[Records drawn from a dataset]
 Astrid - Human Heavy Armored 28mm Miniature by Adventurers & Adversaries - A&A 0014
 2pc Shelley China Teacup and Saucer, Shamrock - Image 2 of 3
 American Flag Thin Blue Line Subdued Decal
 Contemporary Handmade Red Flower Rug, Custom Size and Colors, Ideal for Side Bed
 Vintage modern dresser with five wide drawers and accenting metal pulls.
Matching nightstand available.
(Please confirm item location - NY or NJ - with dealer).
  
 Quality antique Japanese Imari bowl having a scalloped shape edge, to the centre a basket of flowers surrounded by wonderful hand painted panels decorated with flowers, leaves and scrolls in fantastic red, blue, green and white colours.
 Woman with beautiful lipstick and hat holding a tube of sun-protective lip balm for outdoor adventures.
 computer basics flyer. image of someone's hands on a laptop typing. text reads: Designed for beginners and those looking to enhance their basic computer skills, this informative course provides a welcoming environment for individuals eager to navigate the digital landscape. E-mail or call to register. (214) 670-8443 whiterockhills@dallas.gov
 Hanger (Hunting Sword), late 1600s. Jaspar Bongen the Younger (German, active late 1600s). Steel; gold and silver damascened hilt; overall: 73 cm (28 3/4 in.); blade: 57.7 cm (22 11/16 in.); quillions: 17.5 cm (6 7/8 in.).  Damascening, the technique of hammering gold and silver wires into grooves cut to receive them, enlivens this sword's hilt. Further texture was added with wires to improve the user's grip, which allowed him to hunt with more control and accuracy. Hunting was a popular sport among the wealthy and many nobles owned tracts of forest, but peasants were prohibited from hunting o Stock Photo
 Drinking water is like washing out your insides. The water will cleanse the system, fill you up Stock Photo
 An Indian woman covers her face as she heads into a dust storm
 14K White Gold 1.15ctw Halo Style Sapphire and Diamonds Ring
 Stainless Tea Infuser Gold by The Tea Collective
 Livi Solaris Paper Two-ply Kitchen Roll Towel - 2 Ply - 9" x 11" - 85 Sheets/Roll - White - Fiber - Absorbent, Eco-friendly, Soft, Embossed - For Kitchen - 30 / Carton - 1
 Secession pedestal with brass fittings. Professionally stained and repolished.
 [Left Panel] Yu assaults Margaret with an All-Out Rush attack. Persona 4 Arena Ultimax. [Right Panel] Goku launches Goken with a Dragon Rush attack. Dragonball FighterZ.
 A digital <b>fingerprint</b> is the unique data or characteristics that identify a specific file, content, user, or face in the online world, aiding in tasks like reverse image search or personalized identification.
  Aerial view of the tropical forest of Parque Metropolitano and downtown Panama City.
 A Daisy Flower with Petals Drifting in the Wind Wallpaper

What to work on —
Your reply should be a single number: the count of lines above that contain the word "into".

Finished task —
2